By choosing eccentric-looking actors for roles both major (Sam) and minor (the social services woman), Kent puts strangeness on the surface.  Essie Davis, who shoulders most of the acting load, may also be an instance of this expressionistic casting.  Davis gives a committed performance but her frayed, almost fey presence means that Amelia is, from the start of the film, at the end of her tether:  her psychological disintegration might have had greater cumulative impact with an initially more robust figure in the part.  The odd appearance of some of the actors is, in any case, upstaged by the look of the title character (supposedly inspired by ‘the Man in the Beaver Hat’ in Tod Browning’s silent horror-mystery London After Midnight (1927)):  Alex Juhasz was responsible for the brilliant design of the pop-up book and the images in the closing credits sequence.

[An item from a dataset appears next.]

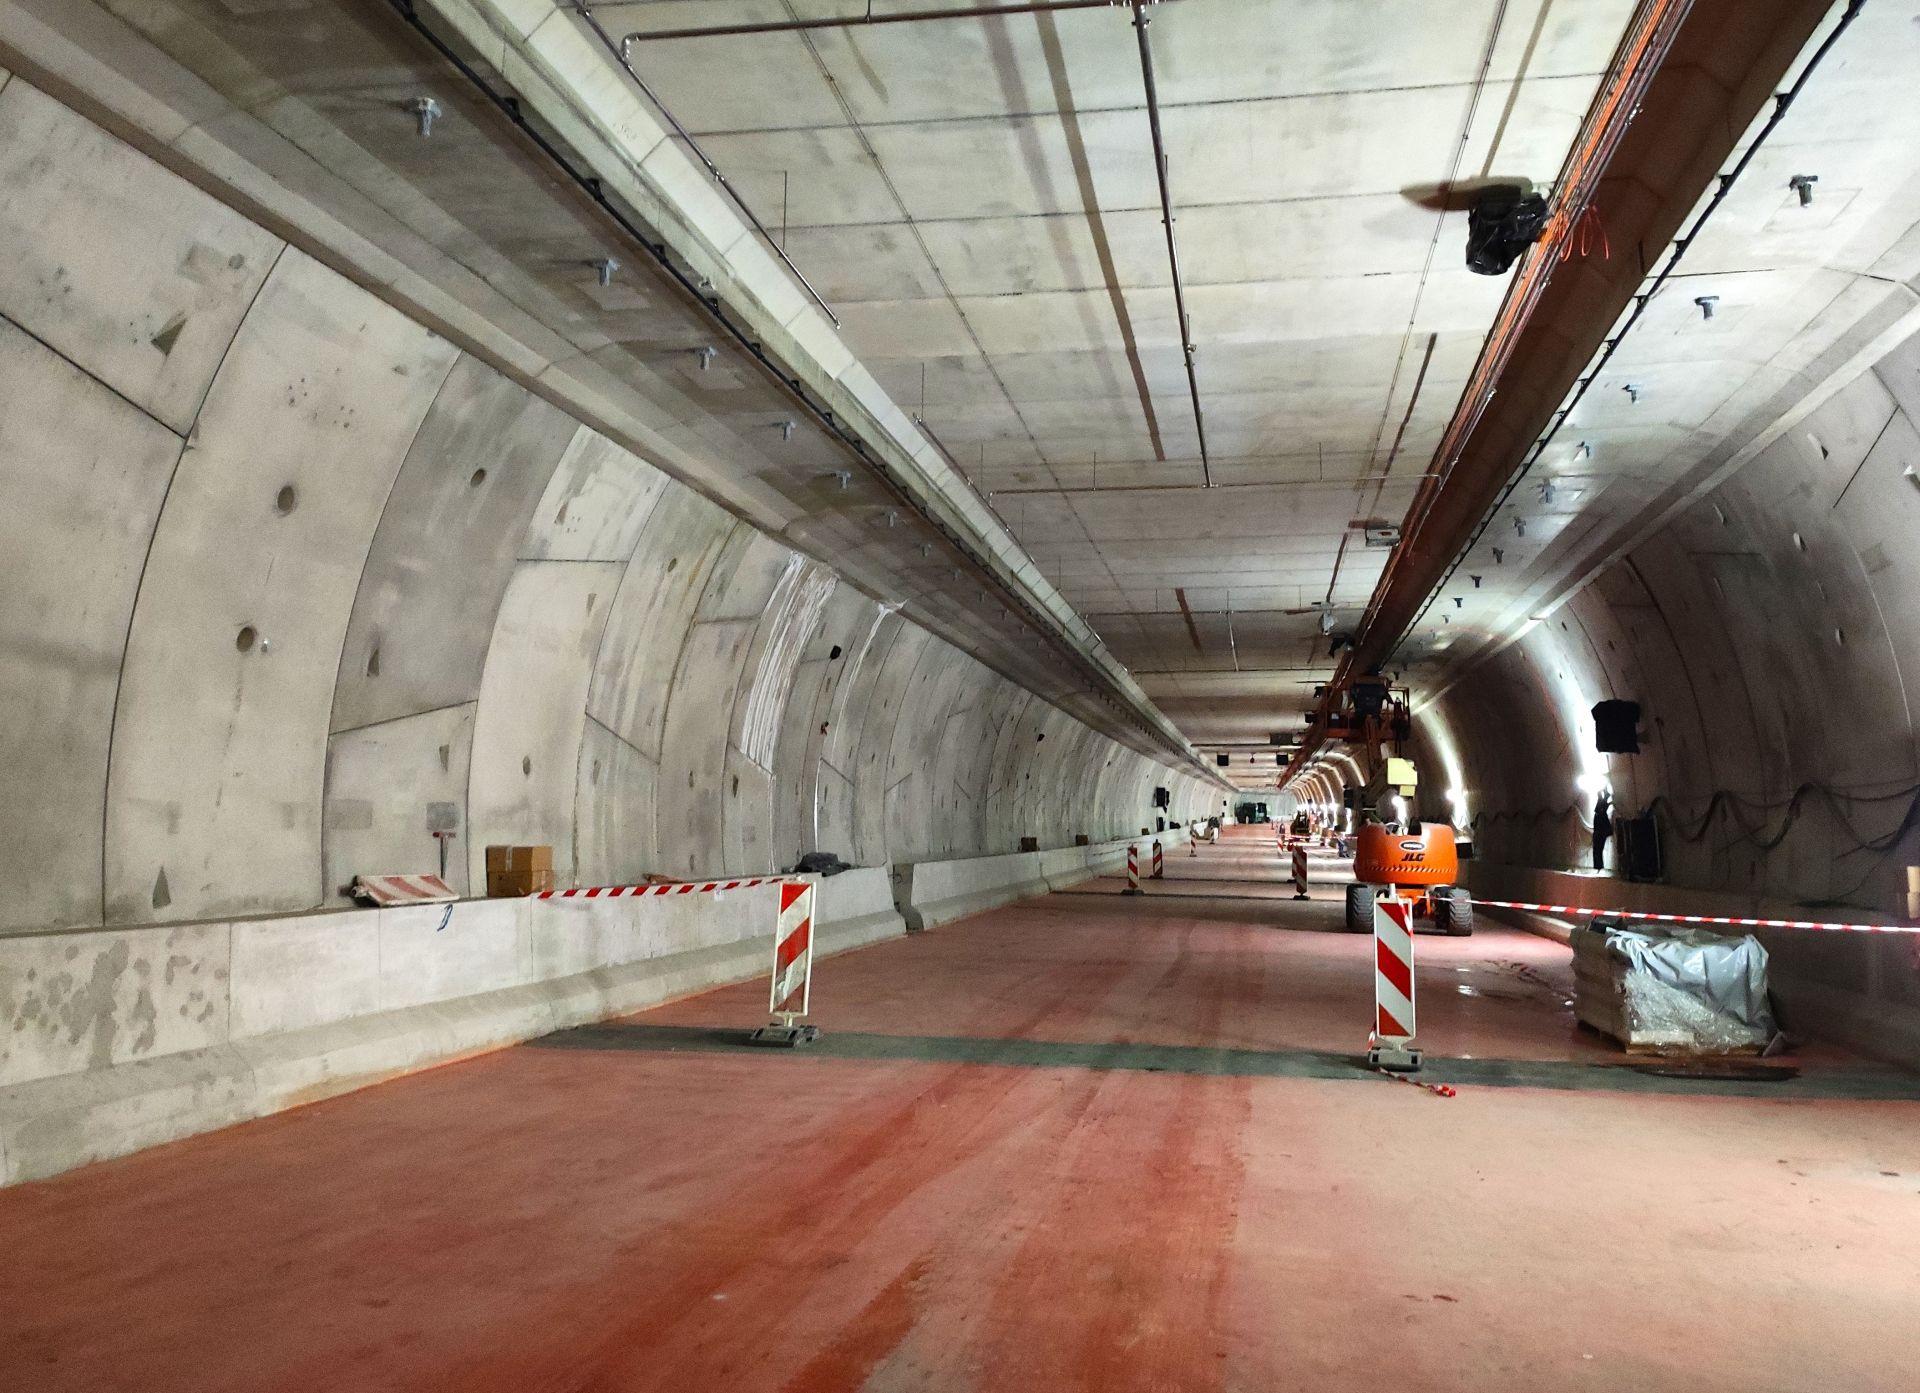 Budowa Tunelu W Świnoujściu Dzieje Się Naprawdę Sporo Zobacz Najnowsze Zdjęcia I Film Z Budowy 6733

Jennifer Kent cleverly keeps you guessing as what is and isn’t actually happening although, as with the psychologically credible basis of the narrative, that approach didn’t always work for this viewer.  Possessed by the Babadook, Amelia breaks Bugsy’s neck.   Once  her madness subsides (relatively speaking), there’s nothing to suggest she imagined killing the dog or, assuming that she did, any emotional residue from this – for Amelia or Sam.  Even so, Kent follows the climactic mayhem with a low-key ending that’s effective and disturbing.  The monster isn’t banished from the house but locked in the basement; mother and son feed it earthworms there to keep it quiet.  Once she’s given the creature his food, Amelia prepares for Sam’s birthday party.  Mrs Roach is looking forward to popping by later, though it’s hard to imagine who the other guests will be.  ‘Happy birthday, sweetheart,’ says Amelia to her son in the film’s closing line.  Like her, we know only too well that it’s also the anniversary of his father’s death, that Sam shares a birthday with the Babadook.